WHAT TO PRODUCE.
Reproduce, word for word, the lines in the material below starting with the one that has "Porträt eines älteren" and going on through the one that has "Ole Johnny Broholt". Leave out all pictures.

EXERCISE INPUTS.
+---+
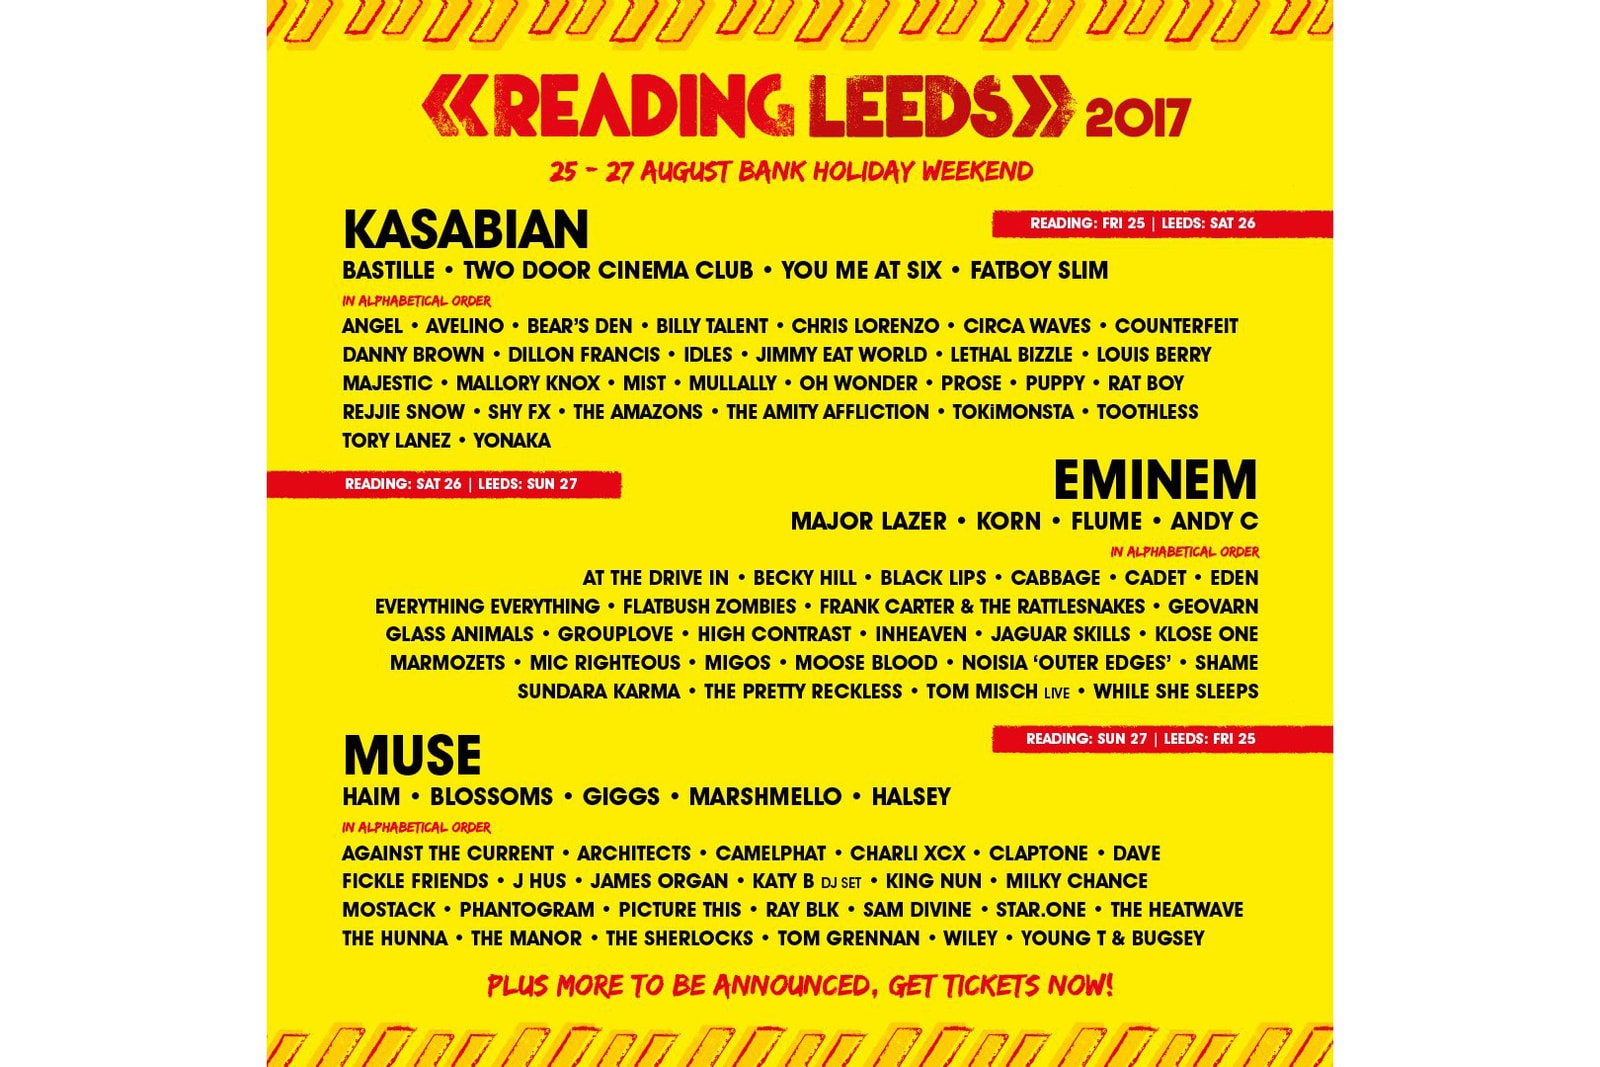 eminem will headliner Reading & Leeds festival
+---+
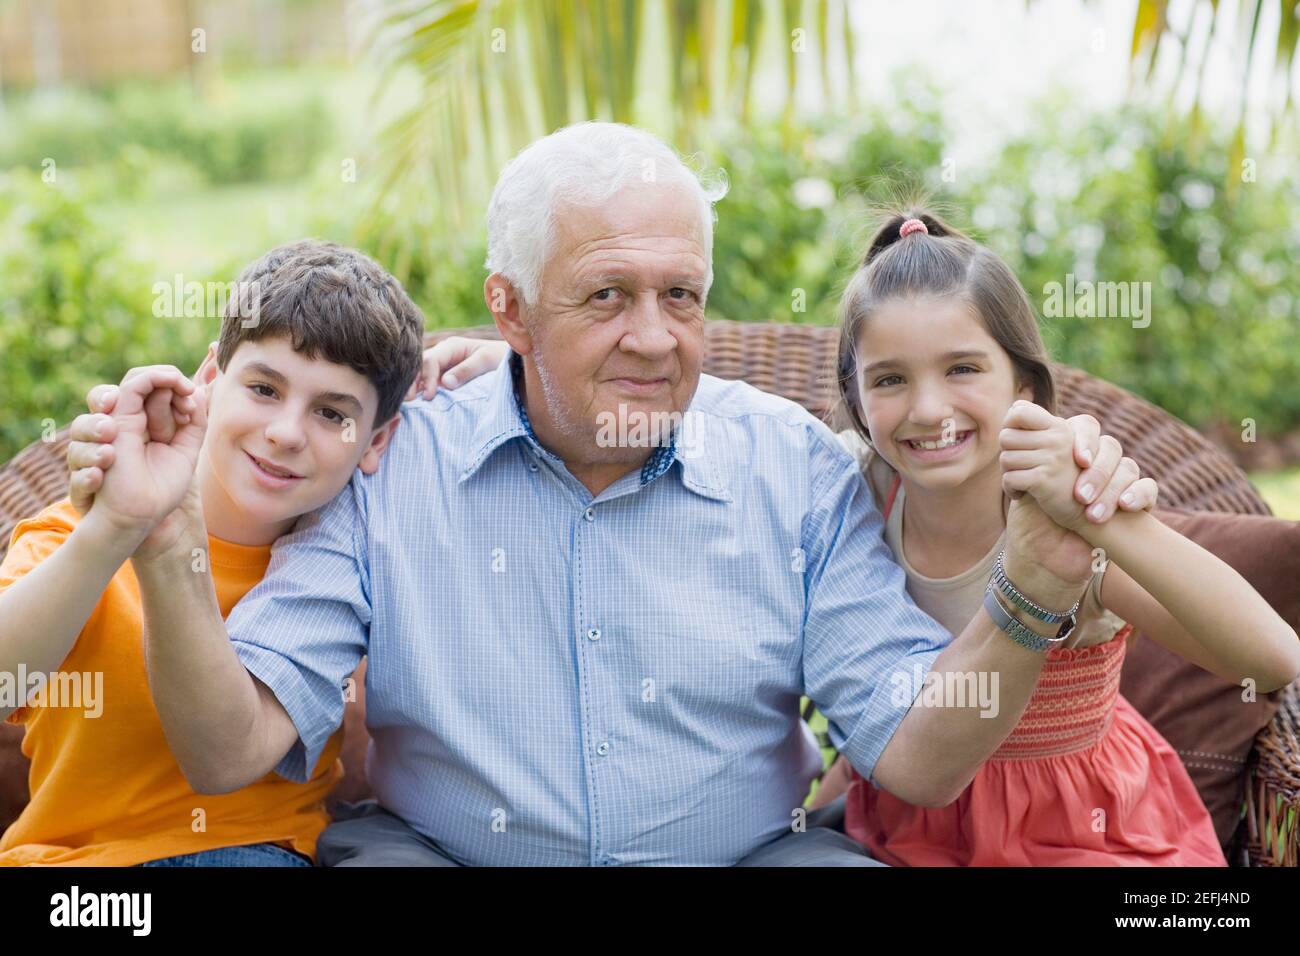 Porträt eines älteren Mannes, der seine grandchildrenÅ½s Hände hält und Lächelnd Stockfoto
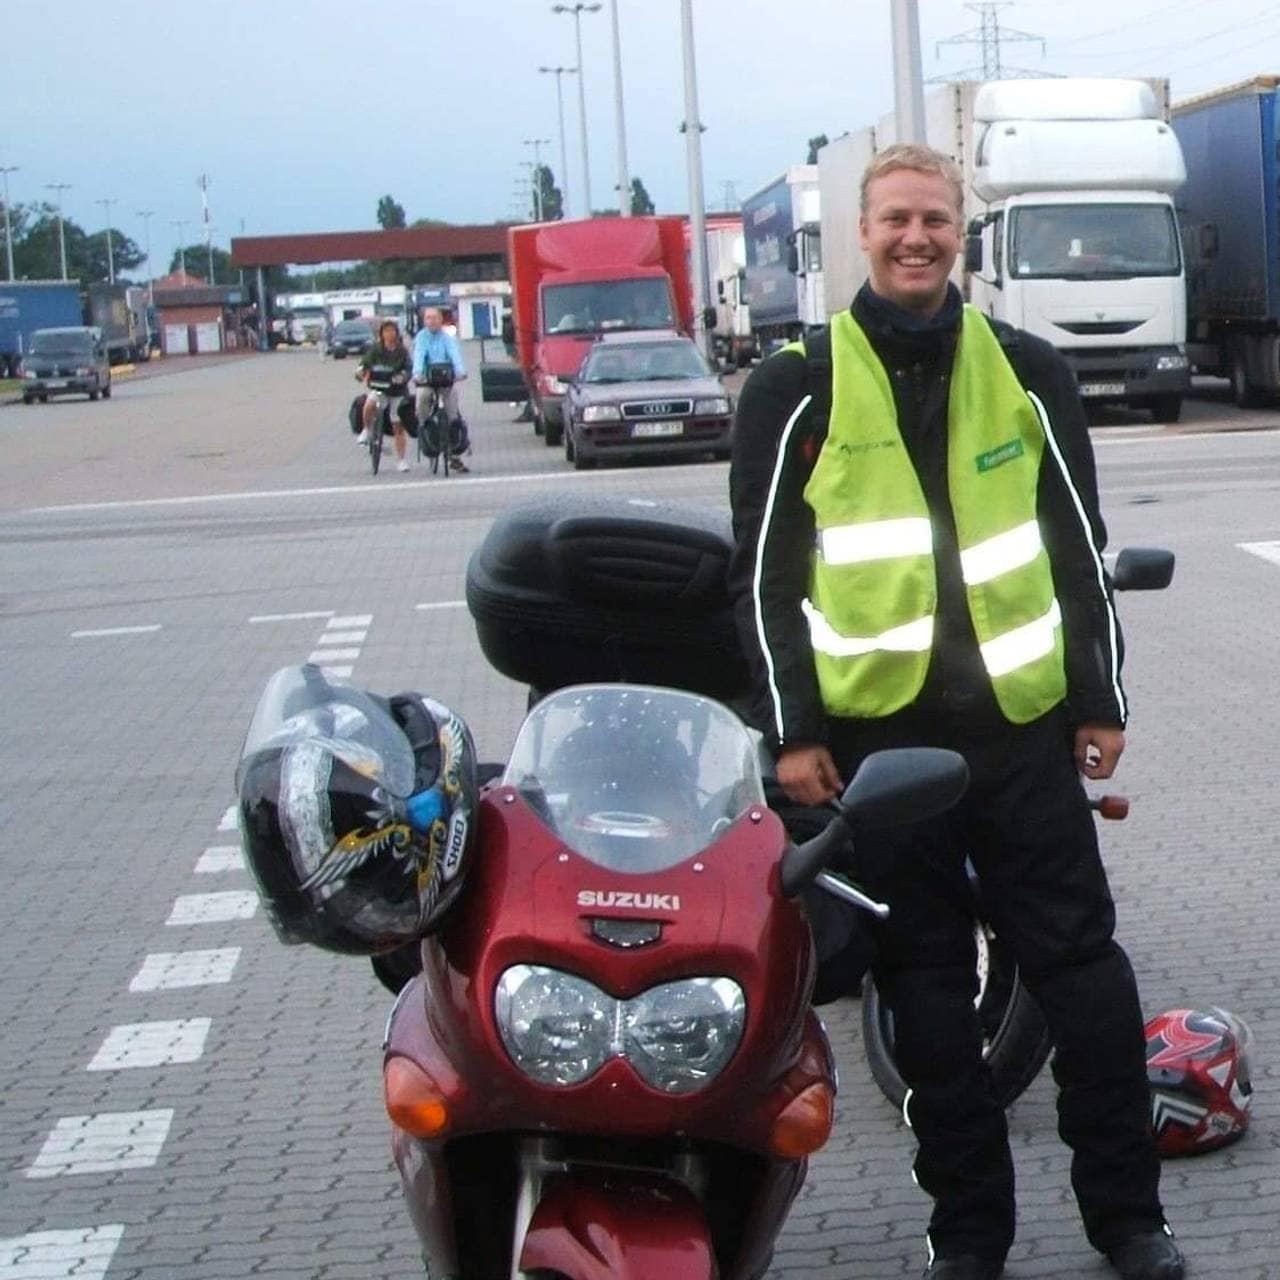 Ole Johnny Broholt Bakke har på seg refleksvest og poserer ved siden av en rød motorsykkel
+---+
RESULT.
 Porträt eines älteren Mannes, der seine grandchildrenÅ½s Hände hält und Lächelnd Stockfoto
 Ole Johnny Broholt Bakke har på seg refleksvest og poserer ved siden av en rød motorsykkel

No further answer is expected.